From far away he could hear some sister’s softly tentative “Reveren’? Reveren’?” and now their voices fading in a hush of awed recognition; creating but for her echoing
Reveren’? Reveren’?
a stillness as resonant as the profoundest note of some great distant bell; still staring, still hearing the sister’s soft voice, which sounded now through a deep and doom-toned silence, her
Reveren’? Reveren’?
reverberating through his mind with the slow, time-and-space-devouring motion of great wings silently flying.…

Then he, Hickman, was looking up through the calm and peaceful light toward the great brooding face; he, Hickman, standing
motionless before the quiet, less-and-more-than-human eyes which seemed to gaze from beneath their shadowed lids as toward some vista of perpetual dawn which lay beyond infinity. And he thought,
Now I understand: That look, that’s us! It’s not in the features but in what that look, those eyes, have to say about what it means to be a man who tries to live and struggle against all the troubles of the world with but the naked heart and mind, and who finds them more necessary than all the power of wealth and great armies. Yes, that look and what put it there made him one of us. It wasn’t in the dirty dozens about his family and his skin-tone that they tried to ease him into, but in that look in his eyes and in his struggle against the things which put it there and saddened his features. It’s in that, in being the kind of man he made himself to be that he’s one of us. Oh, he failed and he knew that he could only take one step along the road that would make us free, but in growing into that look he joined us in what we have been forced to learn about life and about being truly human in the face of life. Because one thing we have been forced to learn is that man at his best, when he’s set in all the muck and confusion of life and continues to struggle for his ideals, is near sublime. So yes, he’s one of us, not only because he freed us to the extent that he could, but because he freed himself of that awful inherited pride they deny to us, and in doing so he became a man and he pointed the way for all of us who would be free—yes!
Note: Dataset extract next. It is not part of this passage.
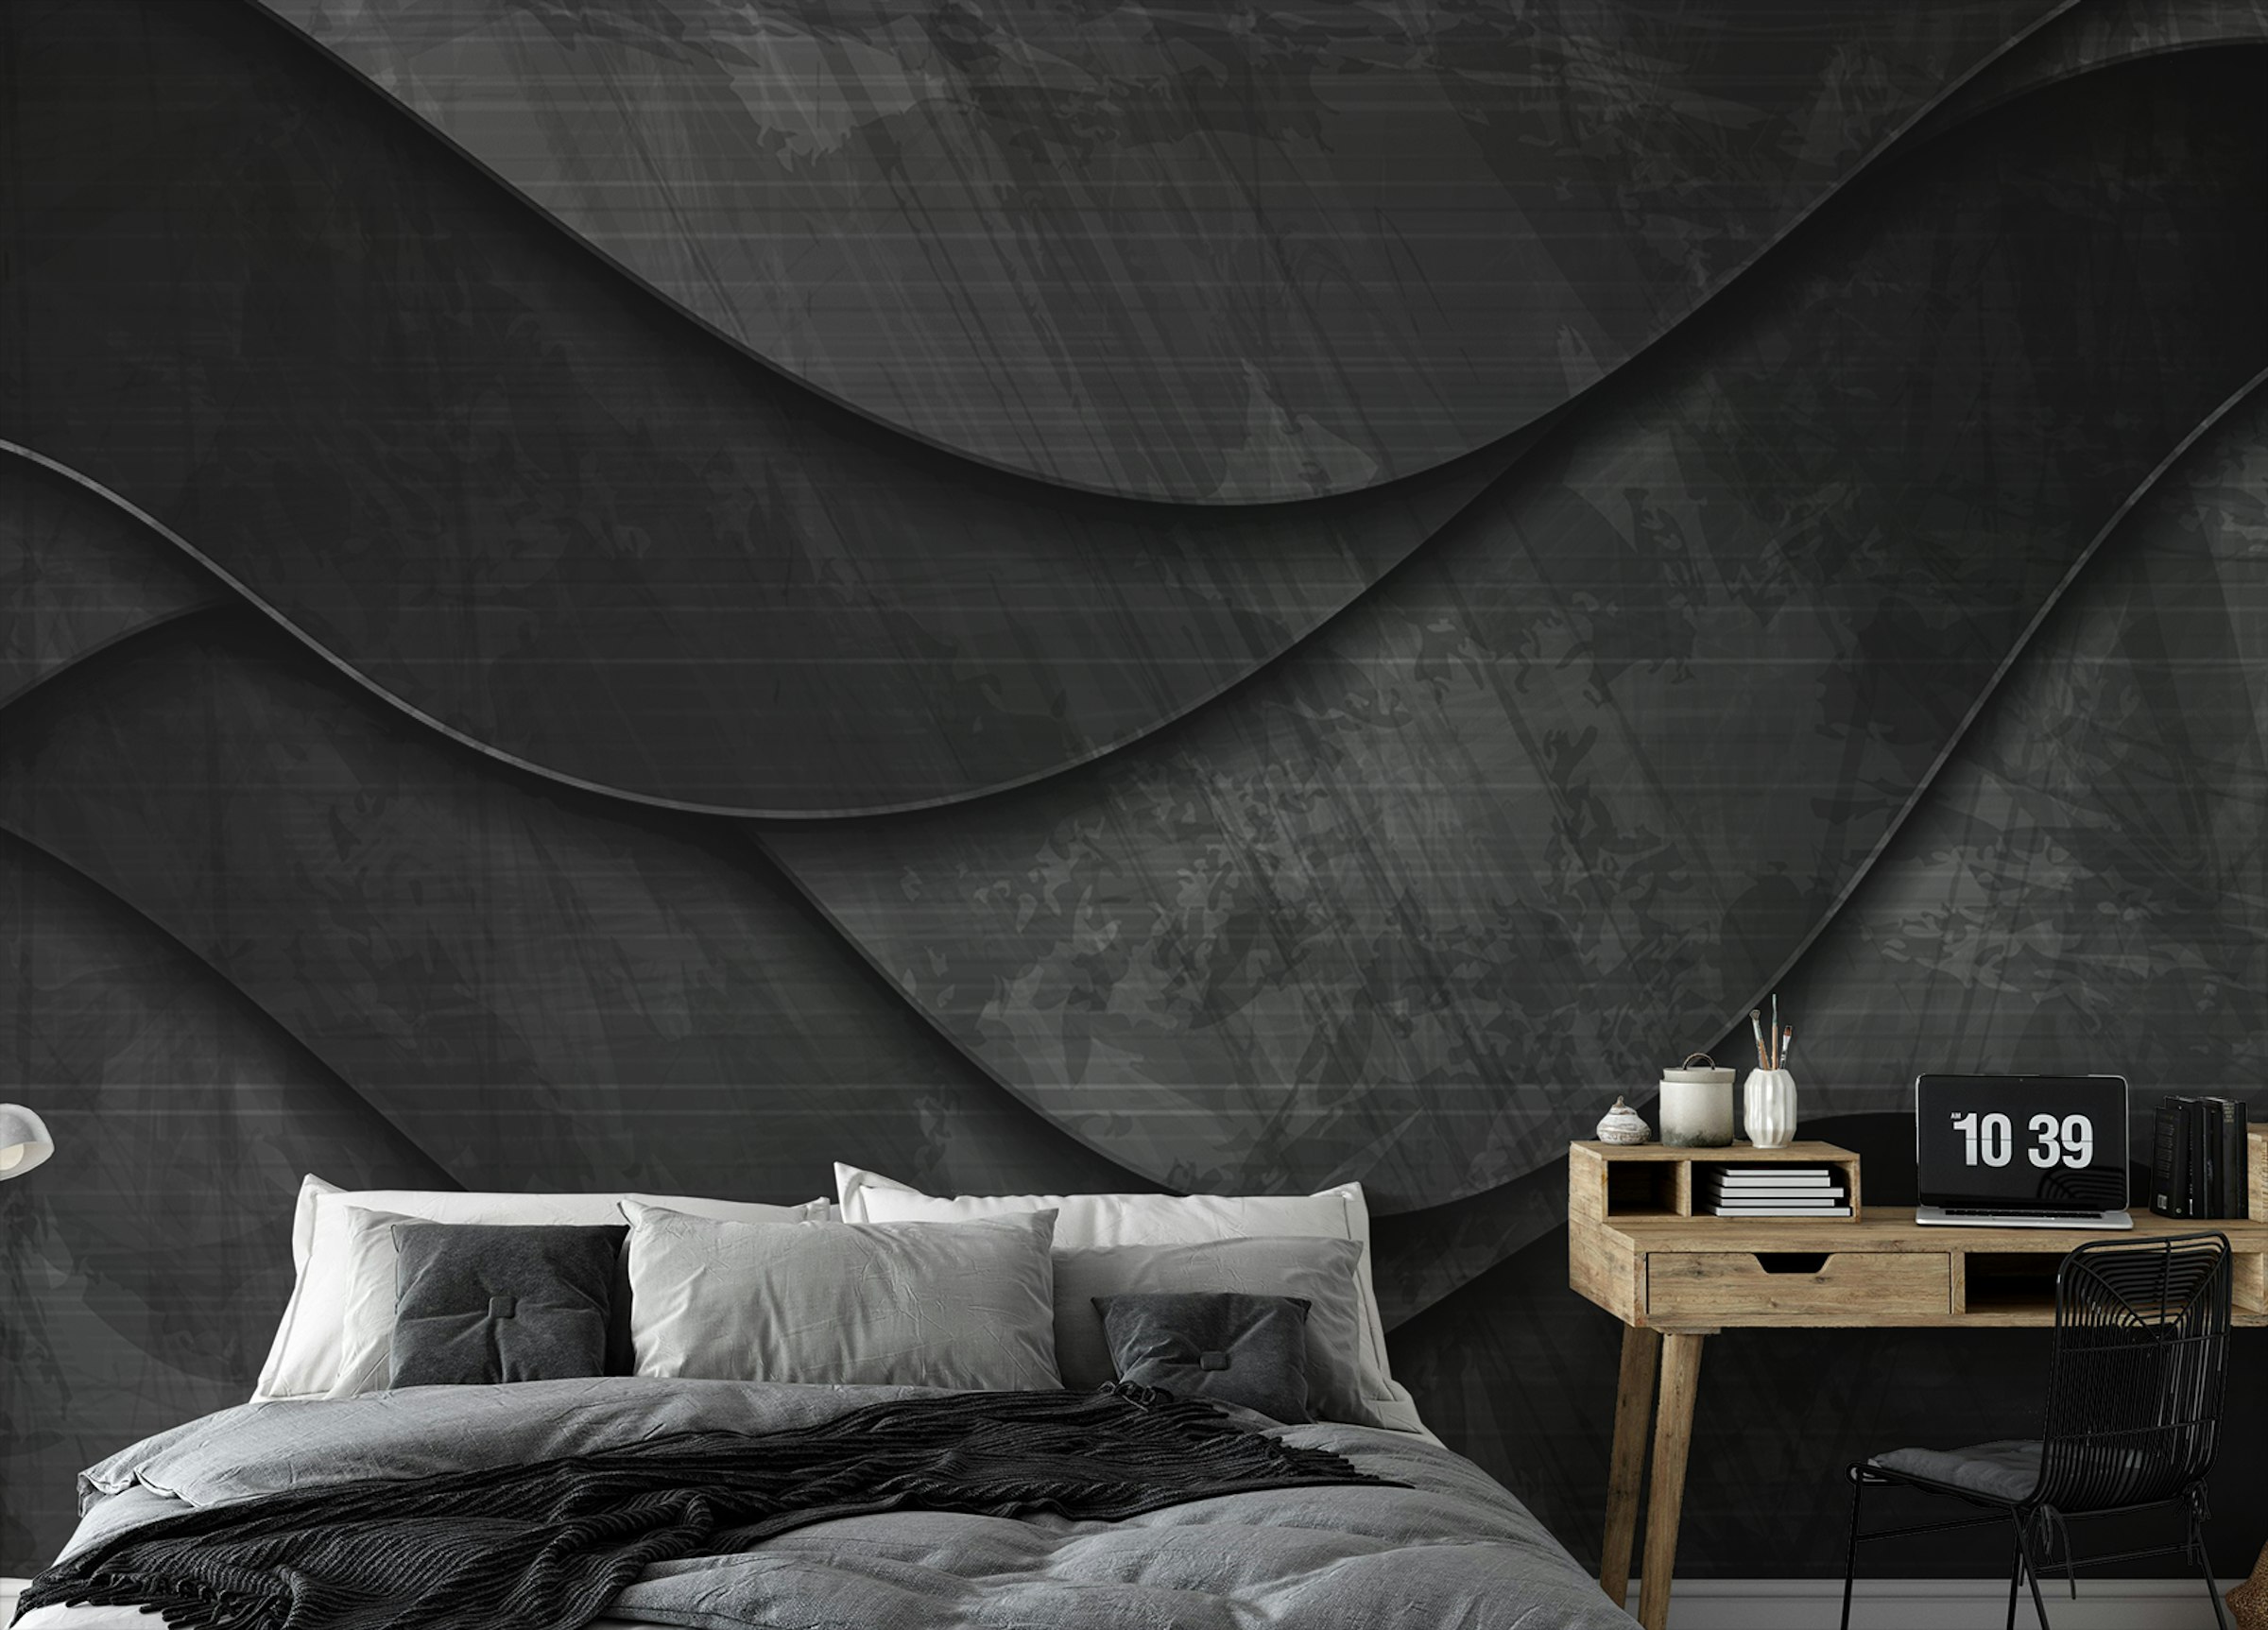 Custom made Sleek Black 3D Wave Wall Murals

Staring upward into the great brooding eyes he felt a strong impulse to turn and seek to share their distant vision but was held, the eyes holding him quiet and still, and he stared upward, seeking their secret, their mysterious life, in the stone; aware of the stone and yet feeling their more-than-stoniness as he probed the secret of the emotion which held him with a gentle but all-compelling power. And the stone seemed to live and breathe then, its great chest appearing to heave as though, stirred by their approach, it had decided to sigh in silent recognition of who and what they were and had chosen to reveal its secret life for all who cared to see and share and
remember its vision. And he was searching the stony visage, its brooding eyes, as though waiting to hear it resound with the old familiar eloquence which he knew only from the sound of the printed page—when a sister’s voice came to him as from a distance, crying, “Oh, my Lord! Look, y’all, it’s him! It’s HIM!,” her voice breaking in a quavering rush of tears.